Data augmentation approaches were employed early in the framework to improve image models for practical training. Based on the encouraging results of medical image processing obtained from a medical vision transformer (MVT), they built an MVT-based classification typically utilized for SC in the second layer of the design. The input image is divided by this MVT into many segments, which are then sent to the transformer in a sequentially similar term embedding. The input image is finally classified using the multilayer perceptron. Through tests on the HAM10000 datasets, they discovered that the MVT-based approach outperforms the most recent methods for classifying skin cancer. Deep learning algorithms can recognize melanoma from dermoscopy images [63]. Fuzzy GrabCut-stacked convolutional neural networks (GC-SCNNs) were employed for the imaging experiment. Several publicly available datasets were utilized to extract image features and classify lesions. The recommended model was shown to detect and classify lesion segments more quickly and accurately compared to the performance of current approaches.
A novel and trustworthy feature fusion model for skin cancer identification was proposed [64]. First, the images are cleaned of noise using a Gaussian filter (GF). While LBP was utilized for manual extraction, Inception V3 performed automatic feature extraction. The learning rate was controlled using an Adam optimizer. Malignant and benign skin cancers were categorized using an LSTM network based on fused features. Their system integrated techniques from DL and ML. For skin lesions on Kaggle, they used the DermIS dataset, which has 1000 images, 500 of which are benign and 500 of which are malignant. They tested their feature-fusion approach against DL- and segmentation-based techniques. After cross-validating their model using a thousand Global Skin Image Collection images, they achieved a detection accuracy of 98.4%. Their method works better than other approaches and yields noteworthy outcomes. Table 1 presents the research gaps in the literature reviewed.
The research gaps are identified by analyzing recent available literature and are summarized in Table 1. To address these gaps, we used preprocessing methods to capture the low-contrast features and active contour segmentation to delineate the skin lesion’s borders precisely. The ResNet50 transfer learning network captures the textural feature maps and addresses the vanishing gradient problem. Also, the lightweight attention mechanism is integrated into convolutional blocks of the CapsNets network to identify the spatial relationship among various features. The CapsNets network reduces the overfitting problem using regularizations and dynamic routing, enhancing model generalization performance.

3. Methodology

This study proposes a novel approach for skin lesion classification using a lightweight attention capsule neural network mechanism. The methodology for this study is discussed in the subsequent sections below.

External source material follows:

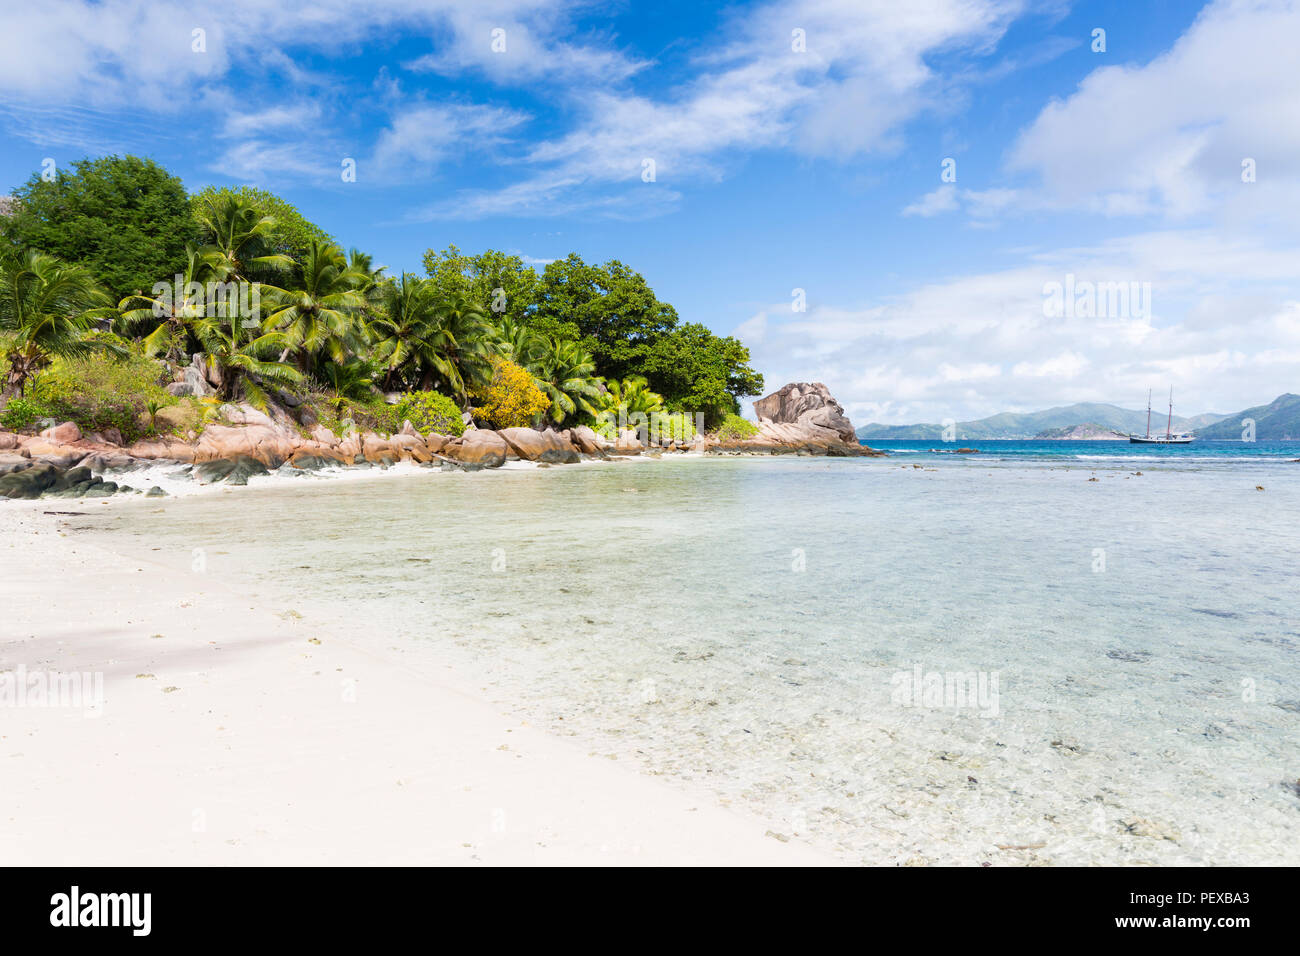 Low tide at Anse Severe in La Digue, Seychelles with some palm trees and granite rocks in the background Stock Photo
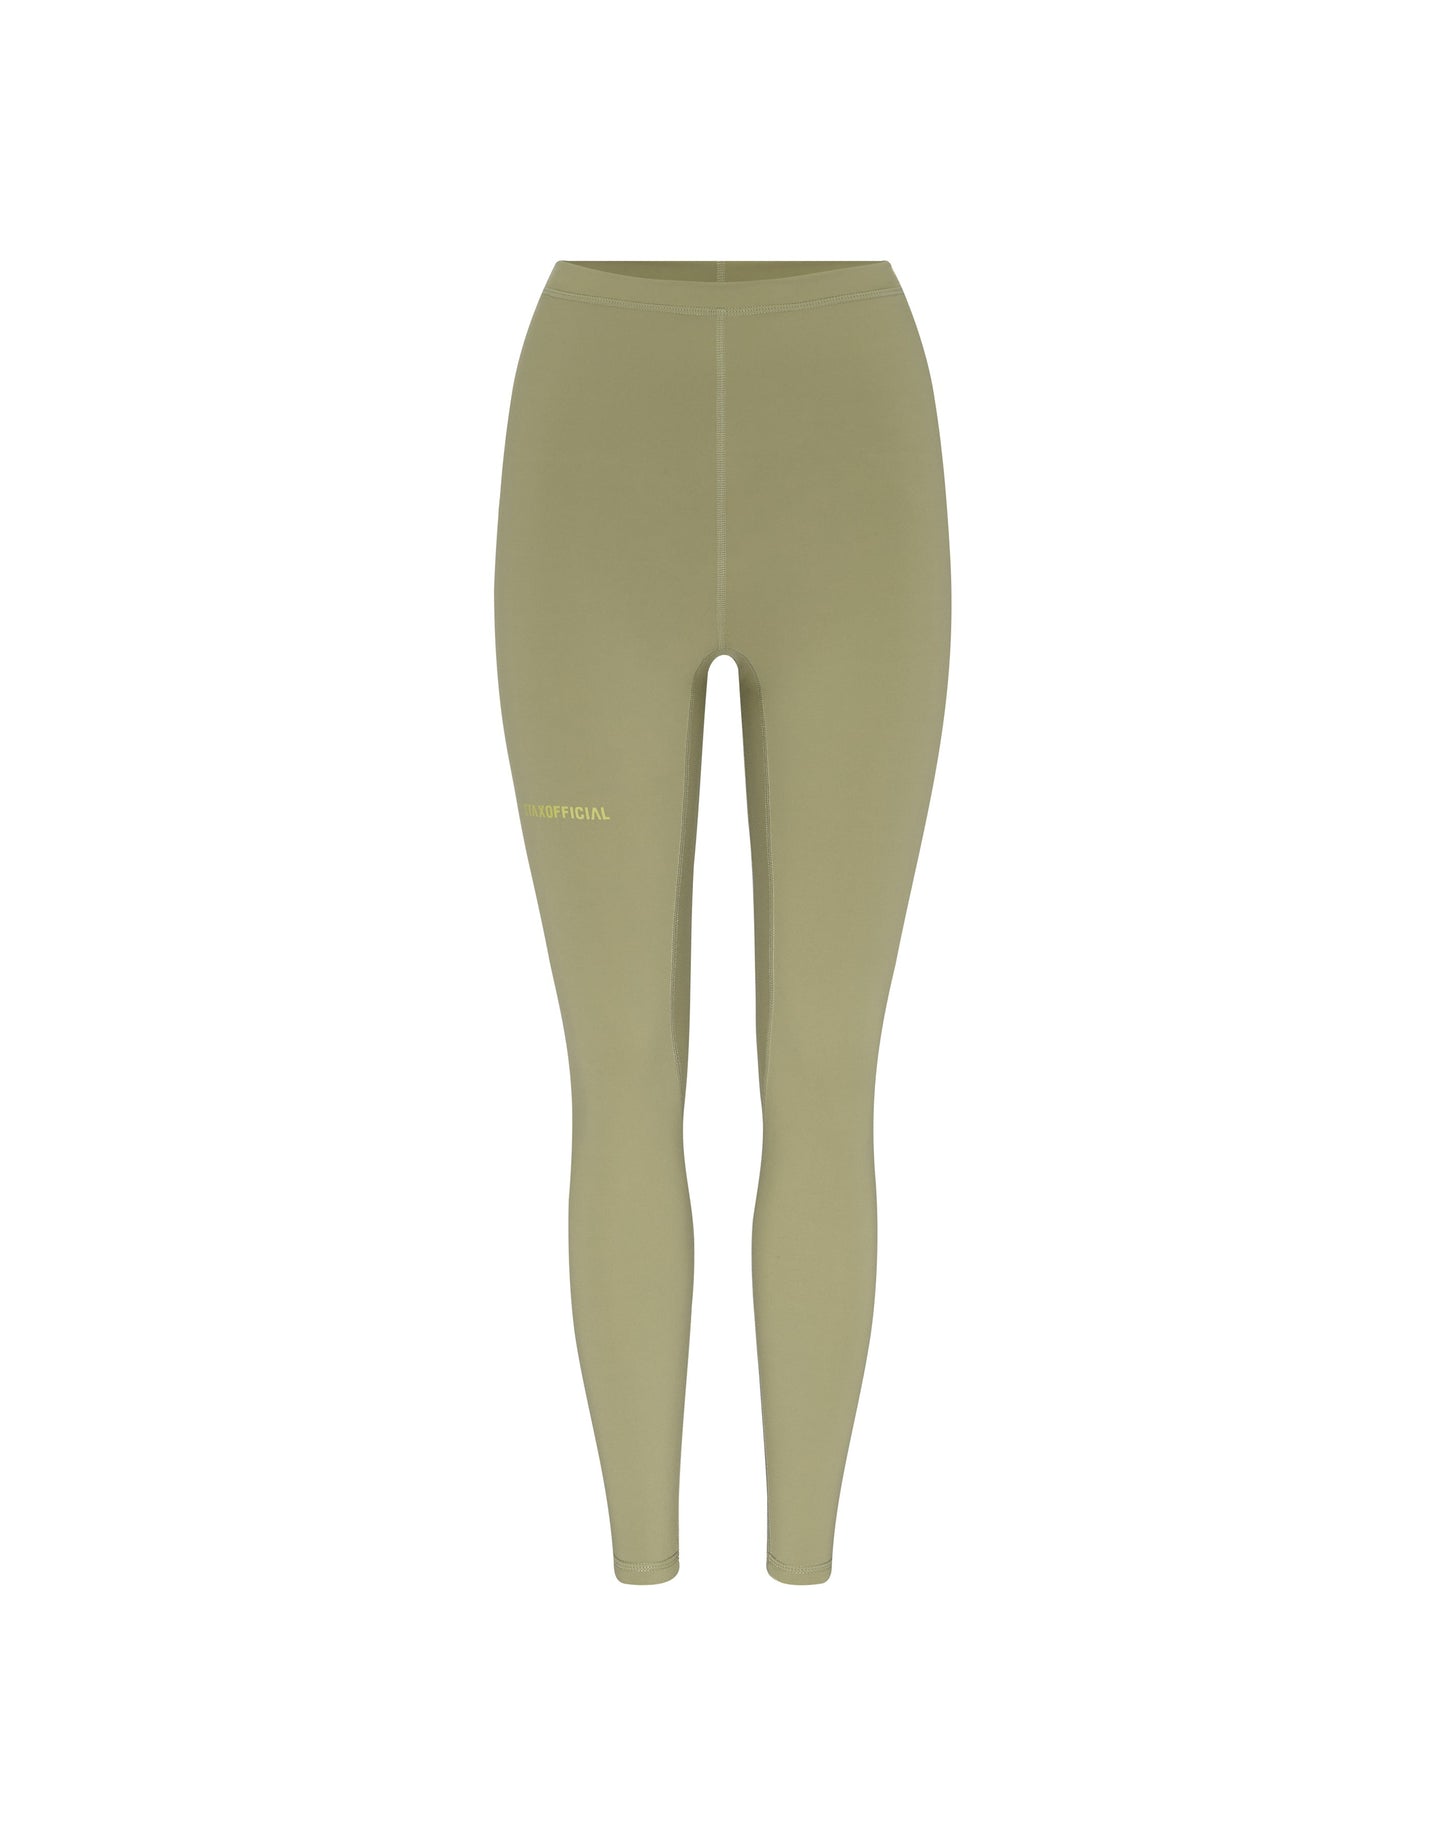 STAX. AW Tights - Olive (Creo)

3.1. Proposed Novel Lightweight Attention Mechanism-Capsule Neural Network Framework

The proposed framework consists of five distinct phases for skin lesion classification: (1) dataset acquisition and preparation, (2) preprocessing, (3) segmentation, (4) feature extraction and (5) classification, as depicted in Figure 1. Firstly, the datasets were acquired from publicly available domains. The raw images were preprocessed by resizing, normalizing, and augmenting the data, and then the data were divided into training, validation, and test datasets. After augmenting the data, the snake model of the active contour segmentation, which uses a deformable curve to fit the boundaries of an object in an image, is used by removing the irrelevant information from the image. Segmentation helps to focus the learning process on specific features within segmented regions, improving the model’s ability to detect subtle variations and abnormalities. Segmented regions simplify model training and inference and reduce computing complexity. Moreover, segmentation aids in interpreting results by providing a clear delineation of the areas under consideration, which is essential in skin lesion diagnostics. Also, smoothing the image after segmentation can serve as a valid preprocessing step, reducing noise and improving the overall quality of the segmented regions. ResNet50 transfer learning is used for extracting features from segmented images. Apply CBAM, a lightweight attention mechanism, to the feature maps extracted from ResNet. The CBAM module adaptively recalibrates channel-wise and spatial-wise attention to capture essential features in an image. This approach enables the module to accurately capture fine-grained details and direct attention towards relevant spatial regions. After the features have been extracted from the segmented skin lesion image using ResNet50 and CBAM, the features are fused before being fed into the capsule network, improving classification task performance. A guided capsule network is trained on the features extracted by implementing dynamic routing. The stochastic gradient descent (SGD) algorithm is employed to optimize the parameters of a given model. The following section discusses the various phases of skin lesion classification.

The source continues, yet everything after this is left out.